Соня дико воззрилась на нее, решив, что подруга тронулась умом от навалившегося чудовищного потрясения.
– Это асана так называется – «Собака мордой вниз», – зашептала верная себе Нинка. – Я ж на йогу хожу у себя в Одинцове…
За стойкой грянул звон разбитого стекла, они вздрогнули, вцепившись друг в друга мертвой хваткой, и Нинка зачастила, торопясь напоследок излить переполненную душу:
– Я теперь спокойная, как танк, ничего не боюсь. Философское отношение к жизни…
– А я, кажется, описалась от страха, – призналась Соня, едва ворочая заплетающимся от ужаса языком.
– Тебе надо йогой заняться, ты очень впечатлительная, так нельзя. Вот я, например…
– Как теперь домой пойду?
– Если выйдешь, – нервно хихикнула отважная Нинка и испуганно зажала рот рукой. – Я сама обоссалась, – доверительно сообщила она. – От неожиданности…

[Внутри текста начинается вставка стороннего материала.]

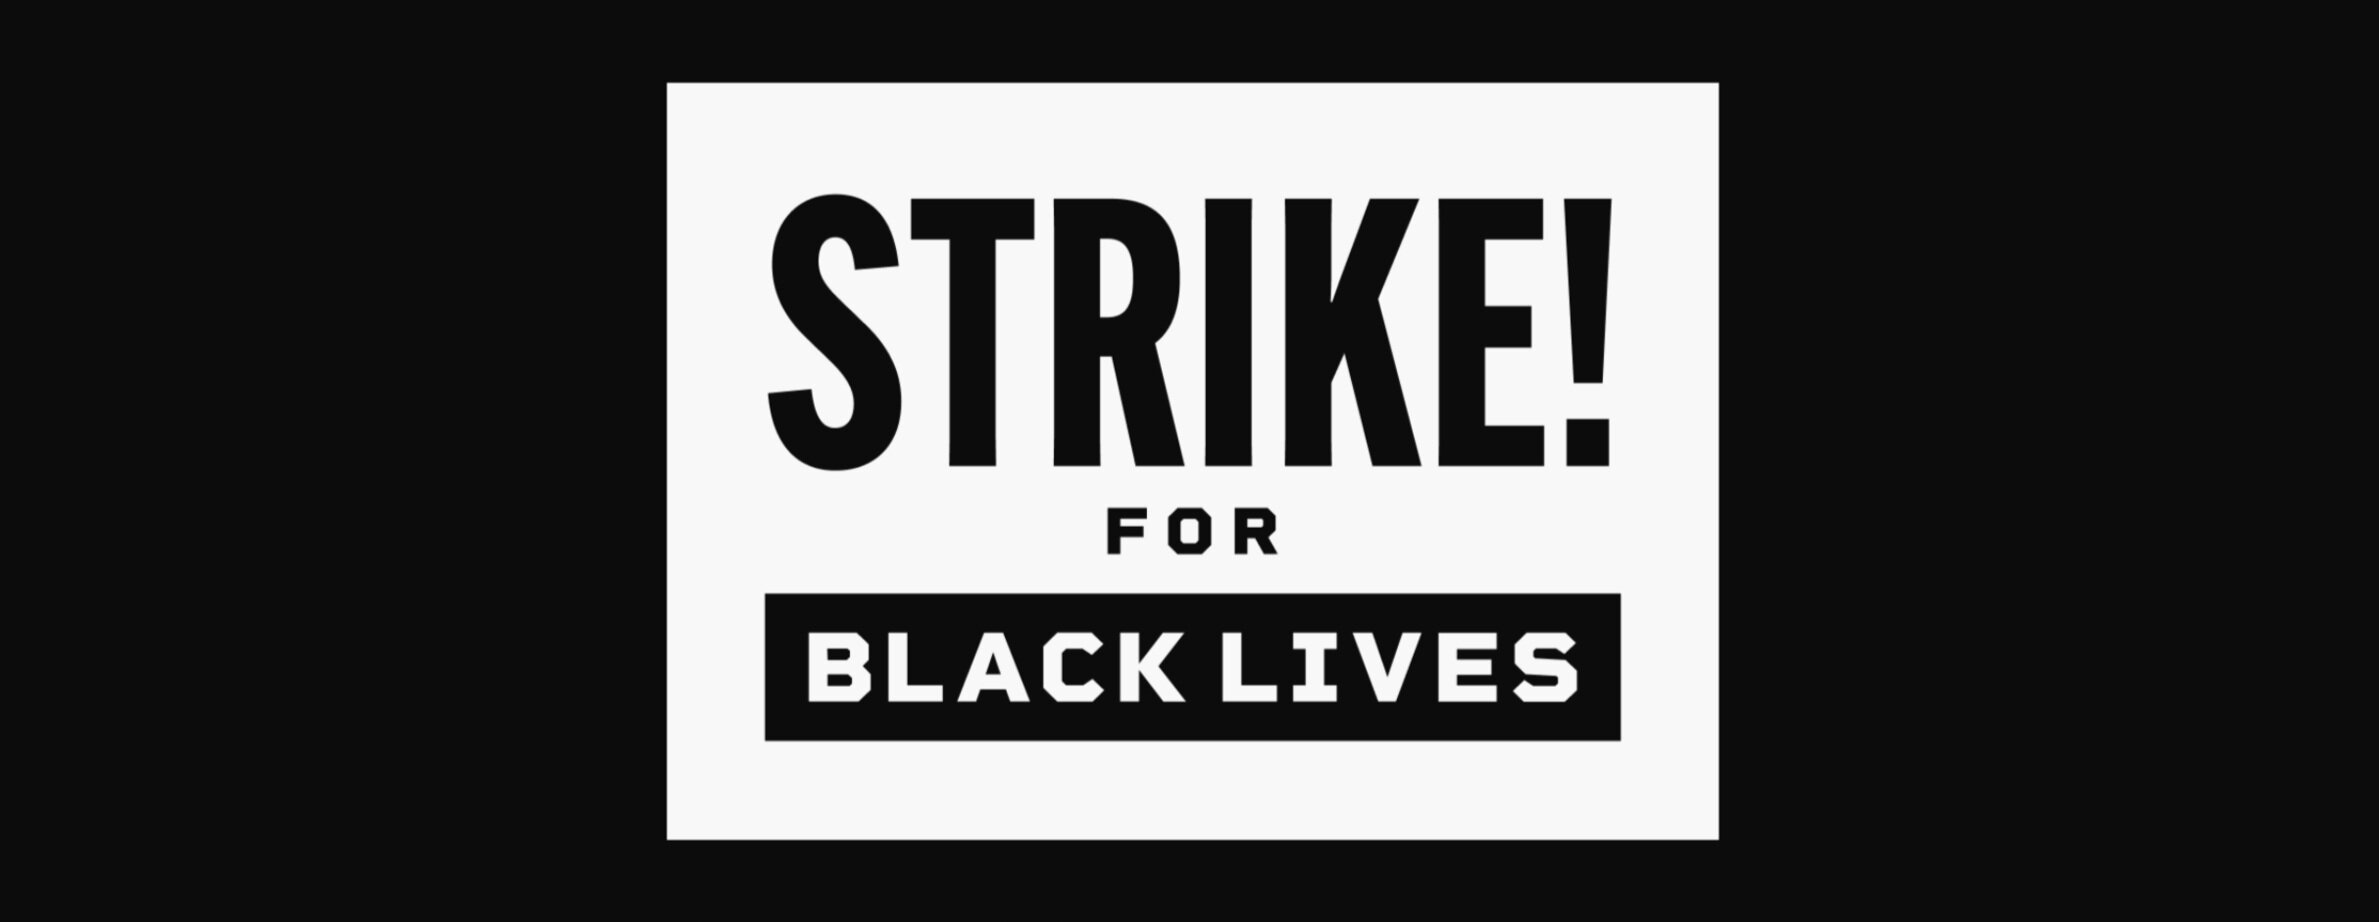 Strike-for-Black-Lives.png

Дальнейшие события развивались стремительно.
Сначала они услышали истошный крик Козьей Морды: «Ты что здесь делаешь, мерзавец?!» Потом шум короткой борьбы и душераздирающий вопль, который пронзил Соню ледяным холодом и, видимо, заморозил мозги, потому что в следующее мгновение, подхваченная этим нестерпимым воем, она уже вылетела из-за стойки.
Открывшаяся картинка запечатлелась в сознании, как моментальный кошмарный снимок: Козья Морда валяется на полу с выпученными глазами, распахнутым ртом и неестественно вывернутой рукой, а грабитель, налетчик – или кто он там по милицейской градации? – целится в нее из своей пушки, расставив ноги.
– Бей по яйцам! – азартно заорала Нинка Капустина, выглядывая из своего укрытия.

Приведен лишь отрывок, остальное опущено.